Before committing to full builds, we prototype the parts that matter most. Device communication, timing, data handling, and user actions are tested hands-on, not just reviewed on paper. Our medical device software developers use this phase to catch real-world issues early, which reduces risk later in custom medical device software development services.
Integration is handled as a disciplined phase. Software is connected to hardware, sensors, and external systems in measured steps. We verify timing, data consistency, and failure handling to ensure deployments remain stable, compliant, and free from unintended system behavior.
After release, we focus on stability and control. Software behavior is monitored in real use, updates are introduced through governed processes, and every change is assessed for impact. This ensures medical device software remains reliable, compliant, and sustainable throughout its operational life.
There isn’t a fixed stack for medical device software engineering because the software behaves very differently depending on what the device does and where it runs.
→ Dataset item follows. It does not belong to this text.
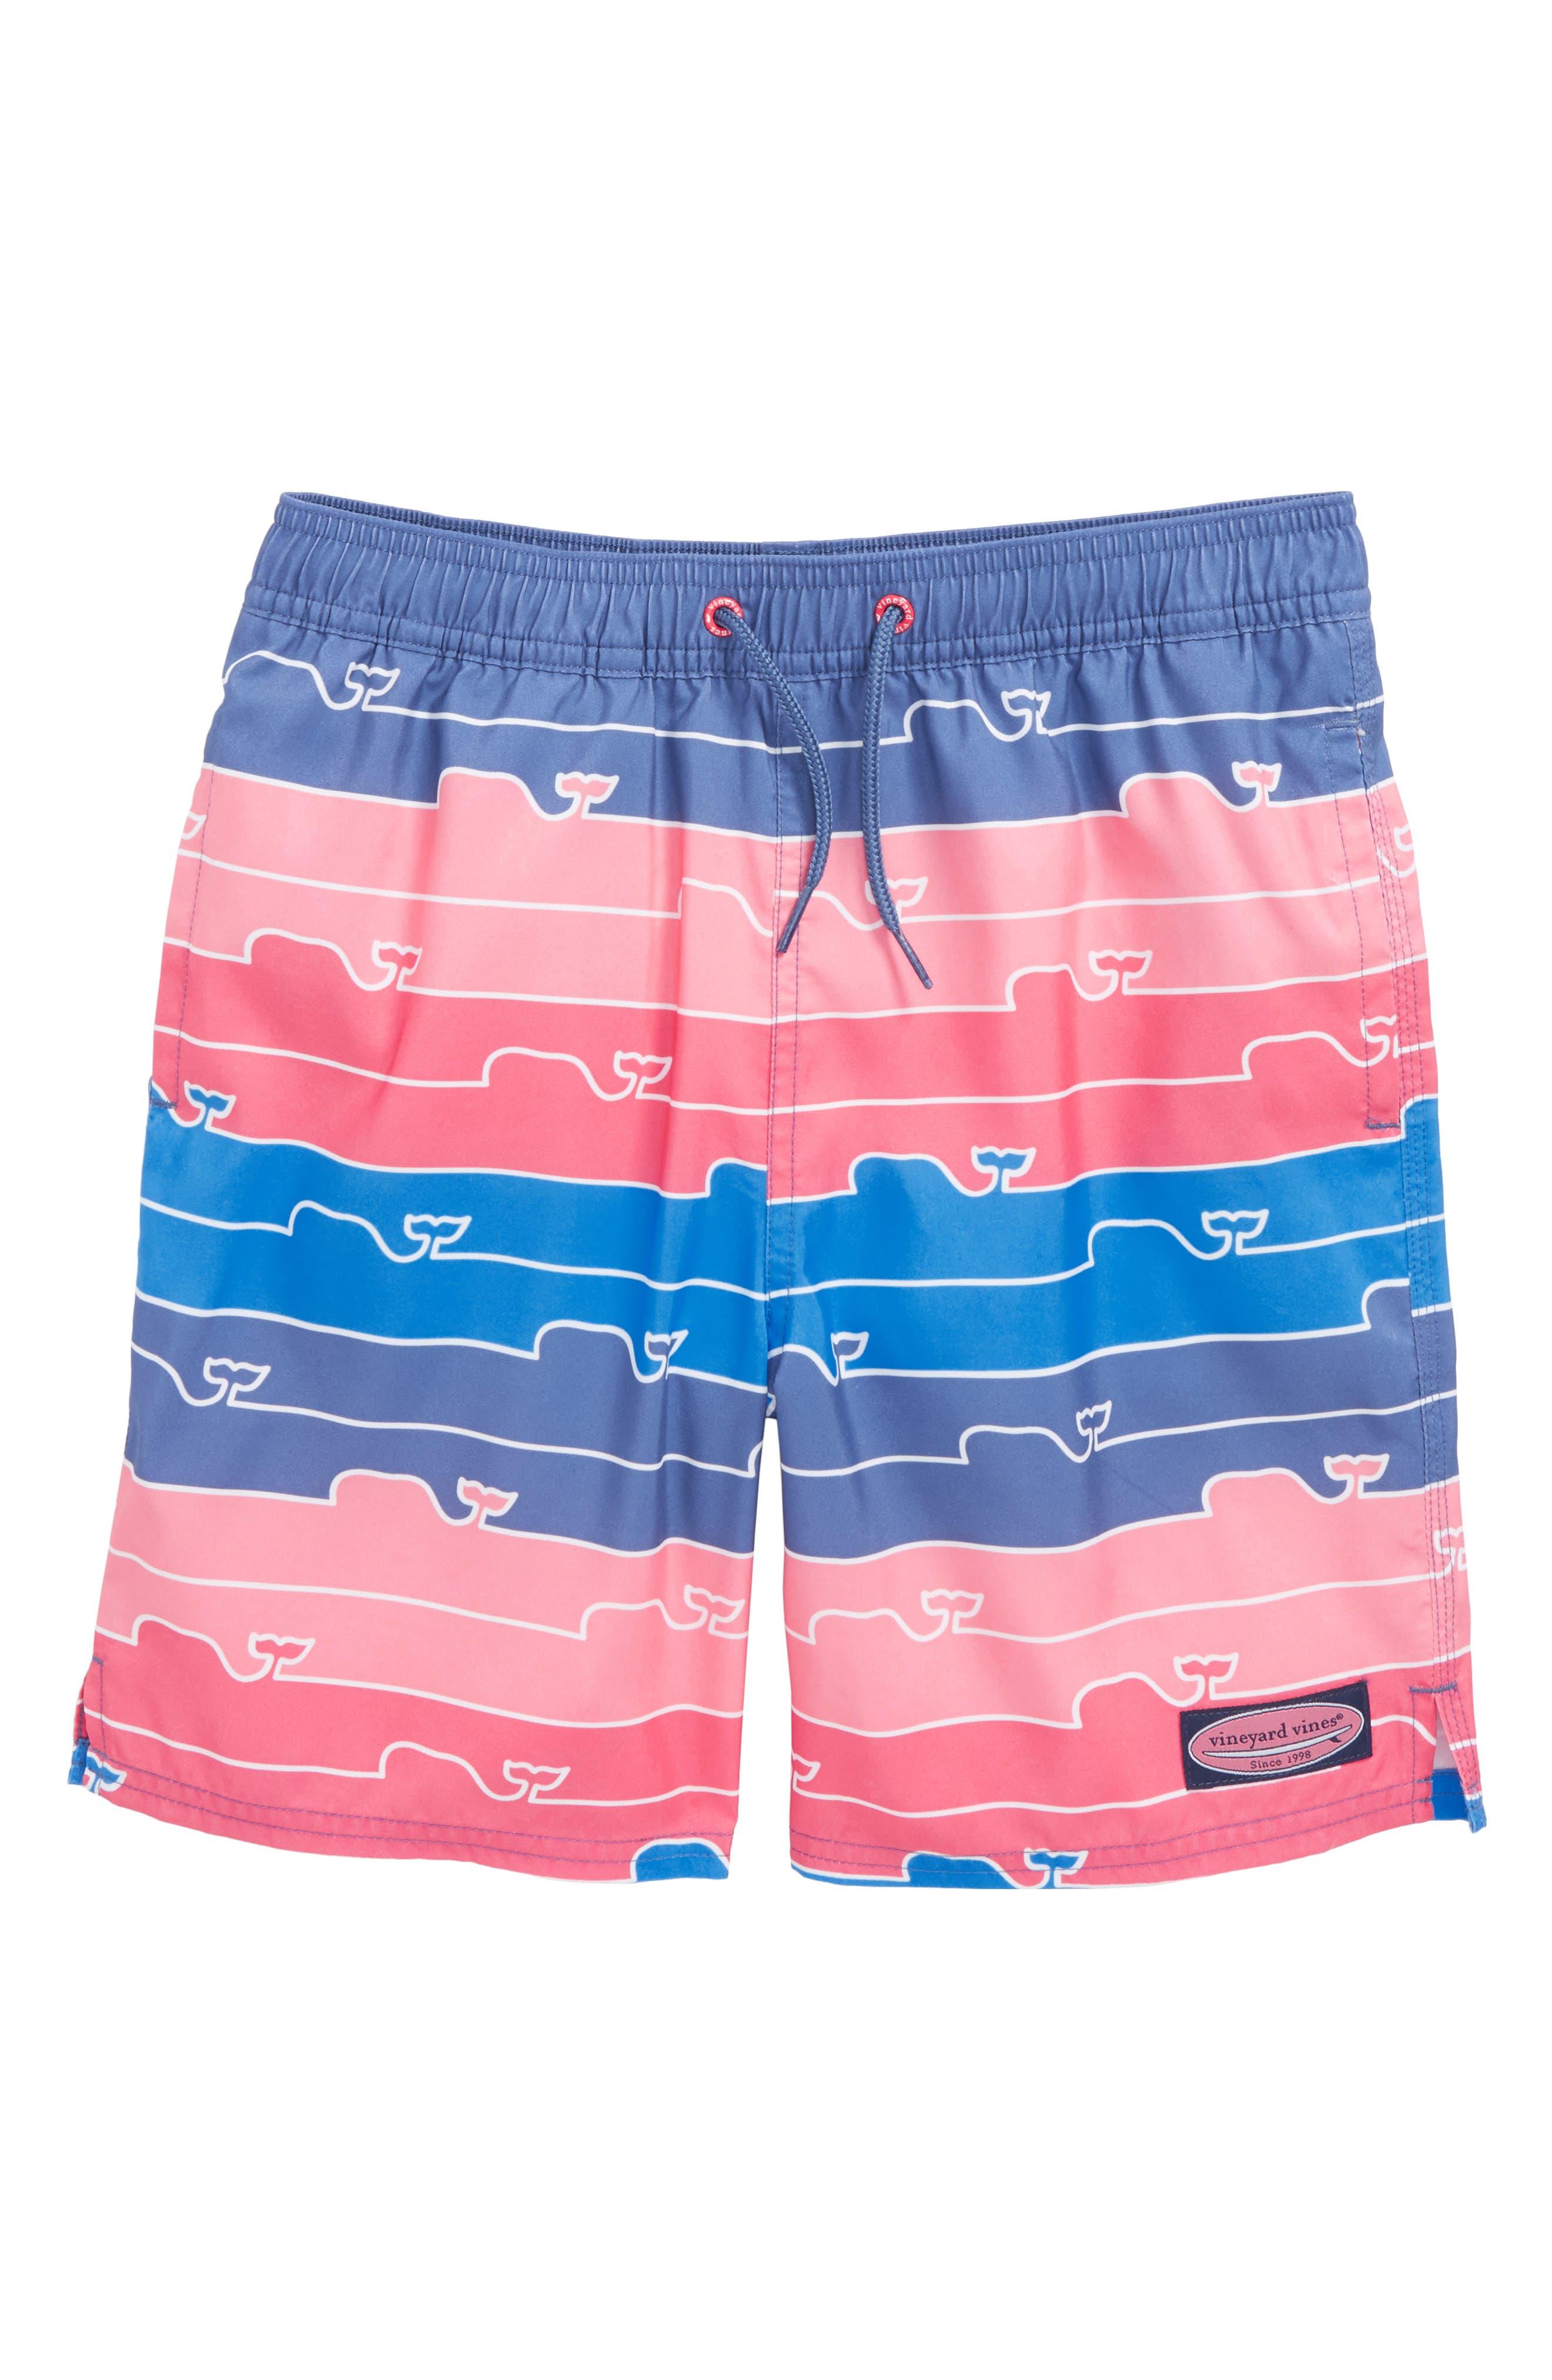 Chappy Whale Line Swim Trunks,                             Main thumbnail 1, color,                             461
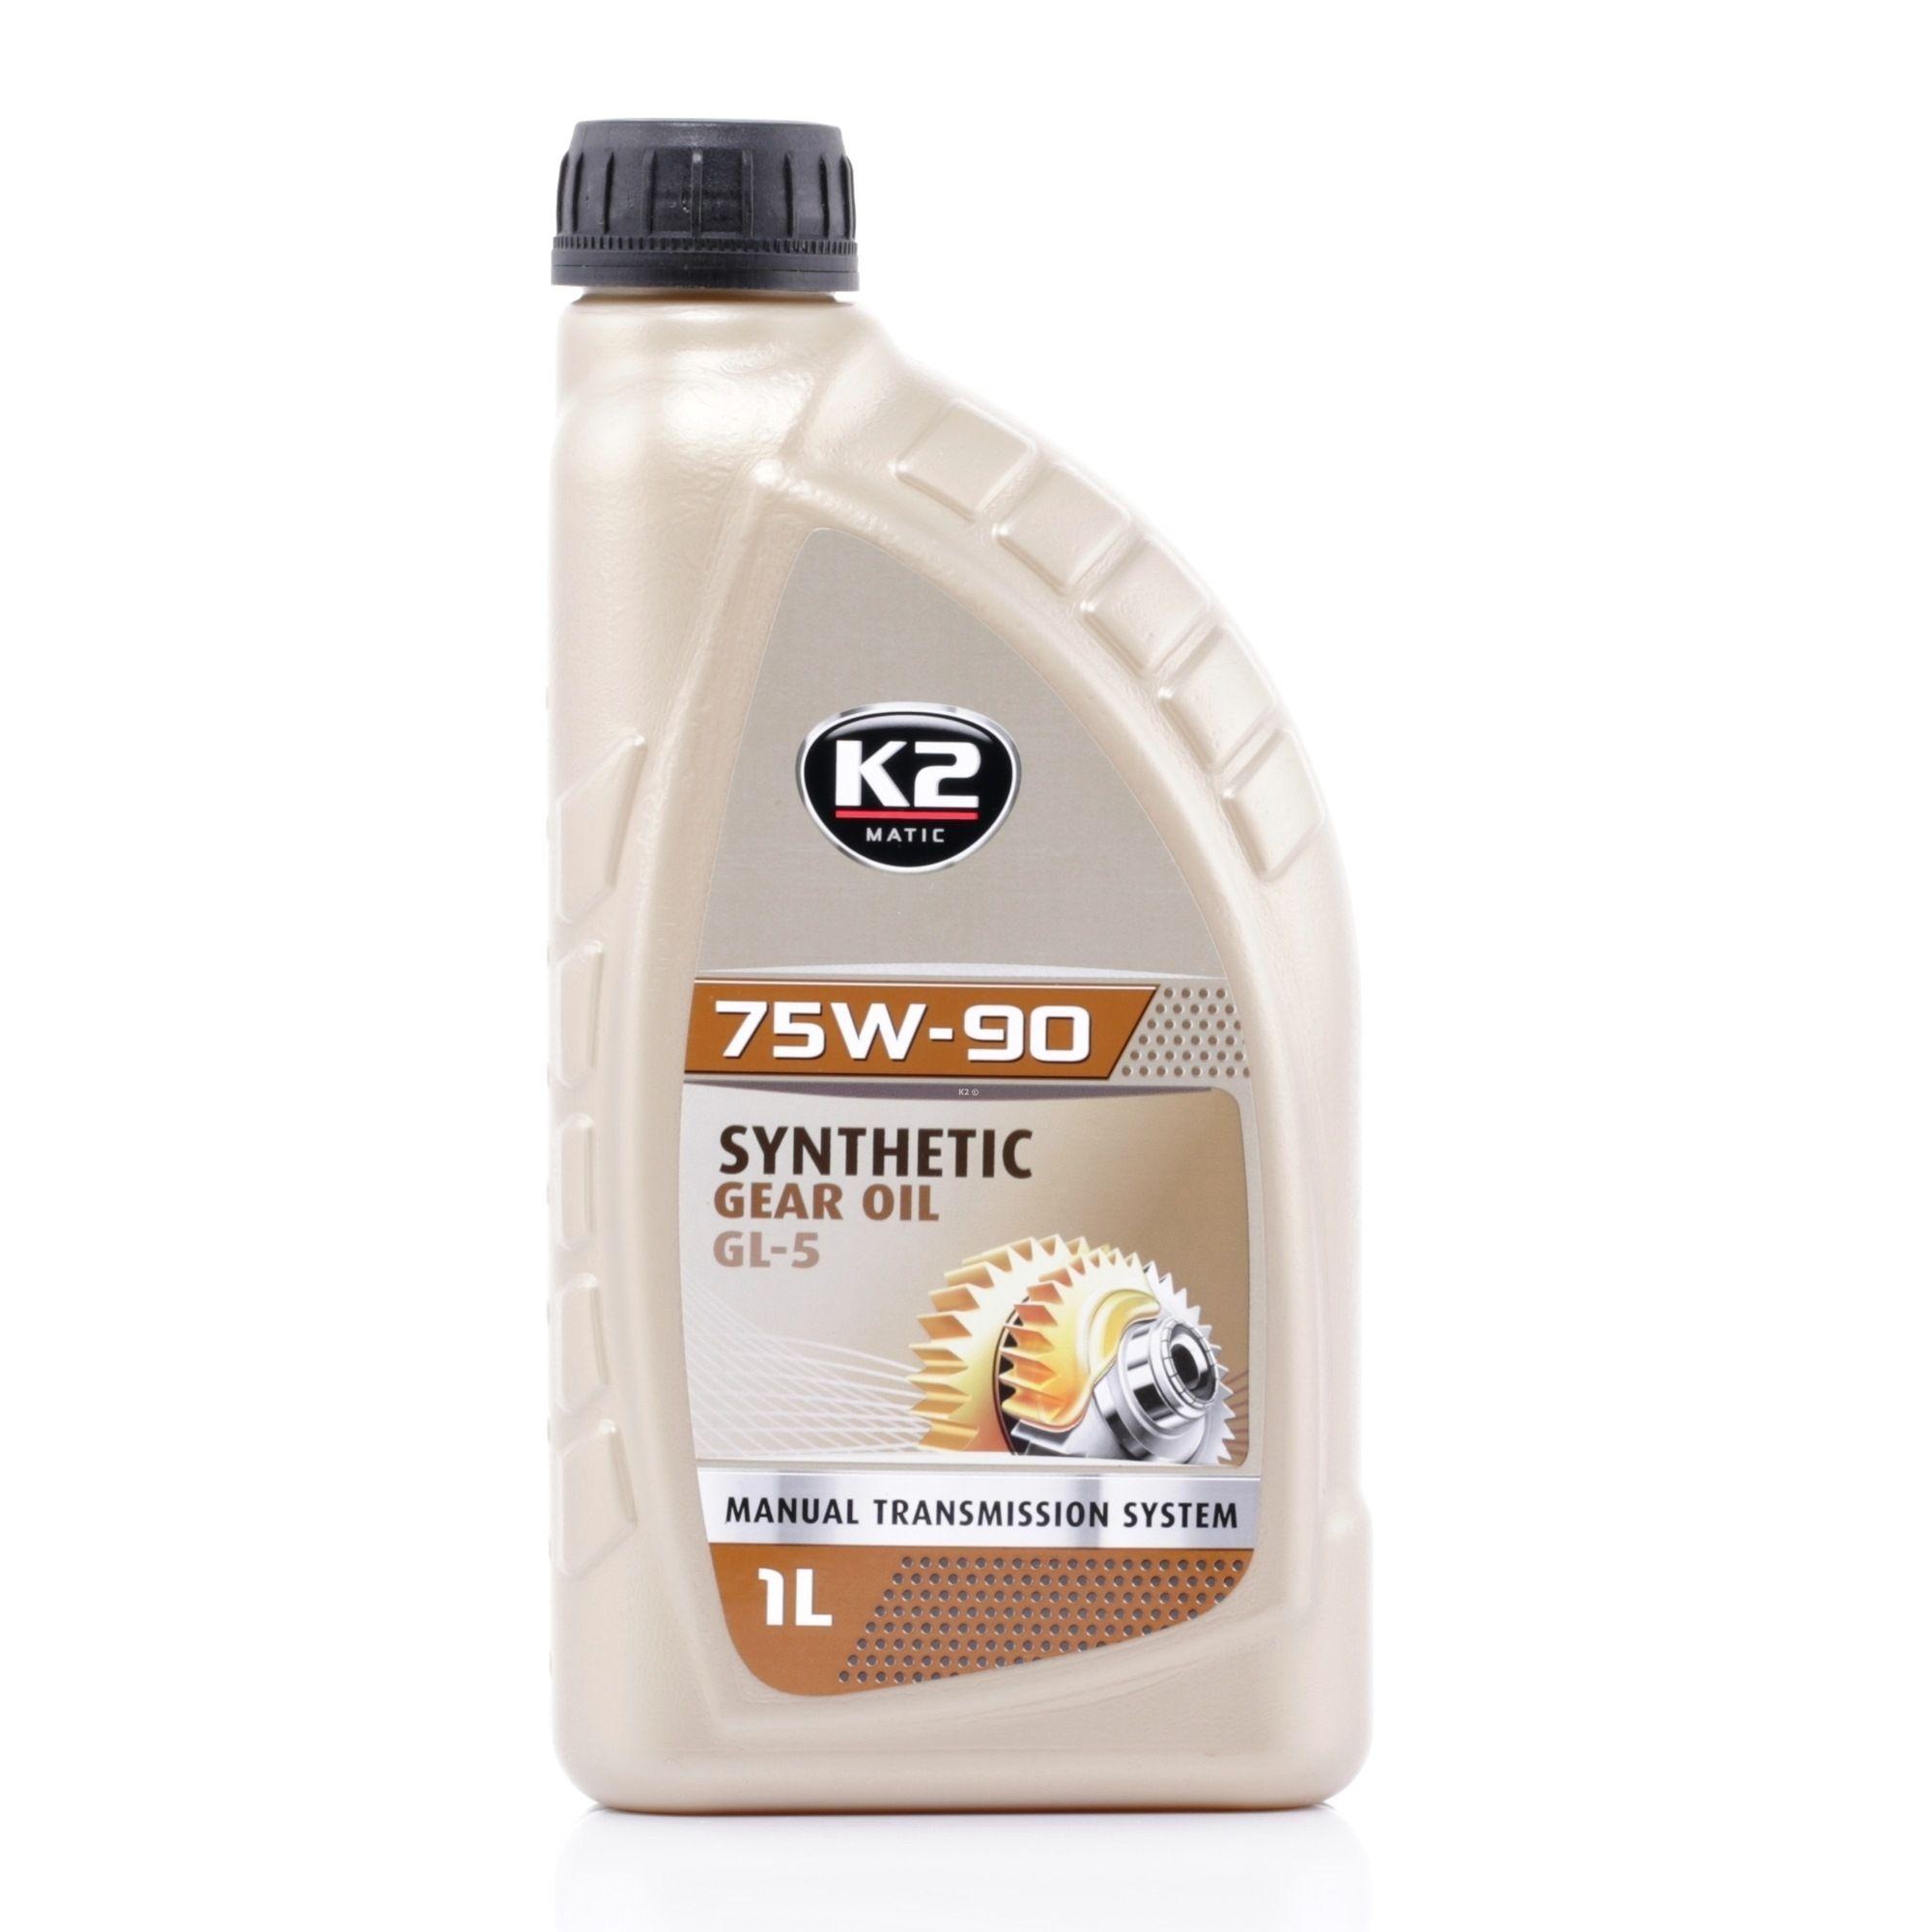 Greičių dėžės alyva O5561S su puikiu K2 kainos/kokybės santykiu

Cost is mostly shaped by safety class and validation effort, not by how fast code gets written.
Our experts can offer you exact cost estimates based on your custom business requirements. Get in touch with our team now!
No physical device is required for SaMD, but the software still has to be treated like a regulated product from day one.
From a regulatory view, SaMD follows the same discipline as other medical device software and life cycle planning still applies. As a medical device app development services provider, we help teams define intended use, validation scope, and regulatory-ready workflows even before hardware or live deployments exist.
There’s no single timeline, but most medical device software programs fall into a familiar range when things are scoped properly.
In practice, full software development for medical devices typically spans 6 to 12 months, including SaMD programs. Timelines stretch when requirements keep changing or regulatory prep starts late.
Medical device software shows up in more places than people expect once you look beyond firmware.
Being a renowned medical device app development company, we work across all these layers, helping teams design, build, and maintain regulated software that stays reliable from device operation through clinical use and long-term lifecycle updates.
FDA expectations are handled as part of everyday engineering work, not as paperwork added at the end.
This applies across all custom medical device software and SaMD programs.
FDA validation is about keeping behavior bounded and understandable, not about chasing perfect accuracy scores.